Thursday, October 6, 2011

dear 16 year old Jody

Dear 16 year old Jody,

Are you ready for the ride of your lifetime?  Gear up and hold on, it's going to be one heck of a ride.  Congratulations on making it to 16, trust me you have a long way to go.

You haven't yet acknowledged your true inner beauty, but you will.  Embrace your body.  Heck you may have no curves and a stick-like shape, but you're beautiful.  And when someone makes comments about your body type: laugh it off.  If you don't, it will affect you more than you think. People's opinions aren't as important as you think they are.  Remember that you know who you are. You'll make mistakes, you'll wear some clothes that you probably shouldn't, but you'll learn.

Oh, and the acne!! It gets better, trust me. Don't wear too much concealer and cover-up. Pull your bangs back, you're beautiful!

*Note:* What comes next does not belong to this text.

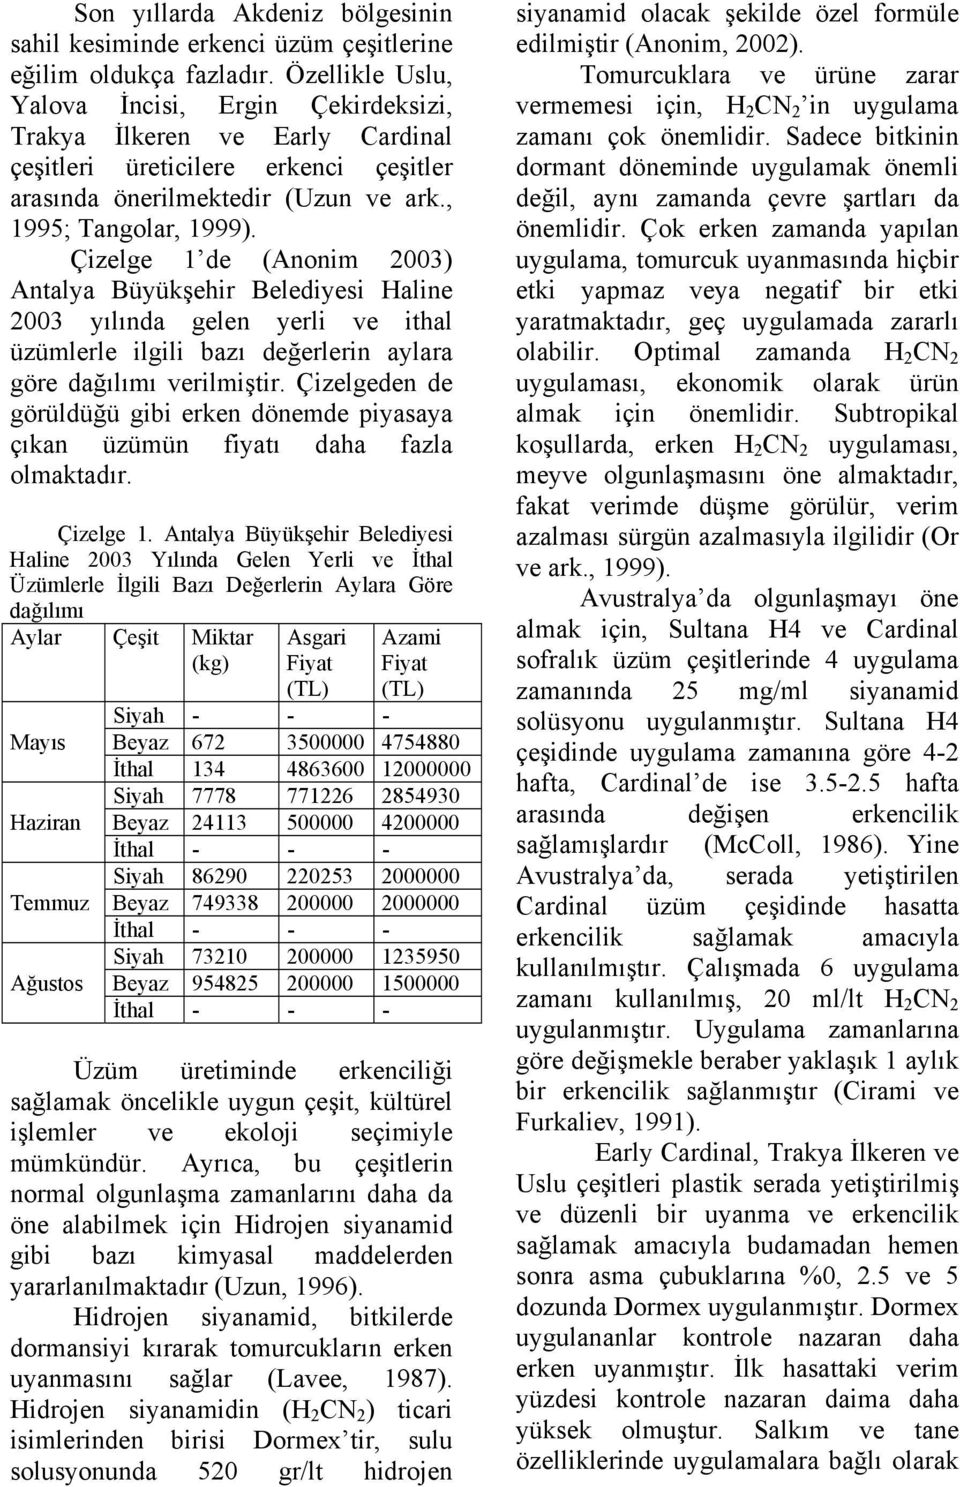 Çizelge 1 de (Anonim 2003) Antalya Büyükşehir Belediyesi Haline 2003 yılında gelen yerli ve ithal üzümlerle ilgili bazı değerlerin aylara göre dağılımı verilmiştir.

Please be nice to mom and dad.  I know you're hormonal and moody, but they know more than you think they do.  Guess what?  In a few years, you and mom are going to be best friends and you're still going to be a daddy's girl.  You may think that they're "not cool" now, but later on, you're going to be thankful for their rules and curfew.  It really is because they love you.  Also, watch their marriage closely.  You'll want to aspire to them one day.  And yes, dad will always be waiting by the window if you're late for curfew!

Cling to those who make you feel good about yourself.  Avoid those who don't! Continue to encourage and embrace your compassion.  Some of the friends you have now are the one's you'll have for a long time.

Embrace your confidence!  This is one of the best times in your life: carefree days and long nights!  Continue to eat 2 combos here and there!  The media is a lie and you don't have to be a size 0! Keep this in mind for the next 7 years! There will be temptation along the way, but remember who you are!  Obsession doesn't make you happier, trust me.  Never change for anyone, but yourself.  Along the way you'll make healthier lifestyle choices, but remember, diet is not in your vocabulary!  Pray before you make any decision.  Remember your body is a temple and keep your priorities in line.

Your insecurities are important! Find someone to console in, please!

Be prepared for a heartbreak here and there. It's worth it! But don't give your heart away too easily. And trust me on this one - right now your friends are more important than any boy that comes your way!

Don't drive on roads that have too much snow!

Jody, and most importantly, keep your eyes focused on God.  Continue to pray for your friends, they'll be okay!  Living as a Christ-Follower is much more worth it, but you know that already.  It may feel like a drag at times, but trust me, you make the right decisions.   Right now, you may think that there are a lot of grey areas, but a lot of things are more black and white than you think they are.  Continue to focus on Him!

Oh and just so you know, you haven't met your husband yet! :) He's worth the wait!

God blesses the broken road

I wrote this post a while ago, and figured I should publish it.

It's been over a month now.  The grieving process has been an emotional roller coaster.  I've had some really easy weeks and some really hard weeks.  I thought it was over, but I don't think it will be over for a while.  Here's a little part of my grieving process.

What bothers me most about this past month is in my head I feel like people have been pretending I was never pregnant.  At first I liked this because then to me it felt like it was all a dream and much easier to deal with.  I would tell myself things like I was only 11 weeks, good thing I was barely even showing, it's for the better, I will get pregnant again, eventually...but something changed.  I don't really feel those things anymore. Despite the fact I was barely showing and only 11 weeks, I was still pregnant. This will always and forever be my first child. He/she had a soul and is now waiting for me and Texan's arrival to heaven. I can barely wait for the day.

Last week another person asked me how far along I was. This time I was thankful and am reminded of the fact that today I would have been 16 weeks and 2 days, almost half way there.  I probably would have had my ultrasound pictures and be showing them off to everybody.  By now I would be showing.  I would still be searching for a perfect baby name. Dreaming about the nursery.  Probably not be fitting in my skinnies and wouldn't really care.

What I would tell somebody who had an early miscarriage?  I believe every situation is different and can't really be compared, but the one thing I would tell them is what a good friend told me.  I went to youth a week or two after miscarrying and one of the first things she said when she looked at me is you don't have to be so strong.

I guess I felt I didn't really deserve to be outwardly sad for too long.  It's something I struggle with.  Everyone else's situations are always more important than mine.

In my heart there is still a hole and sadness, but life is moving on.  My husband and I just celebrated 3 very short years of marriage and he still gives me back rubs, just because. I'm loving youth ministry more than ever.  I am continuing to take night classes and am finally motivated. I am thankful for Texan's job and my job! My brother sold his first house, actually his house; I'm thankful for that.  God has given us sunshine this week, and I'm thankful for that.

I know that despite the sad feelings I have, God is always good!

We'll be there soon, Baby Funk! <3 With lots of love.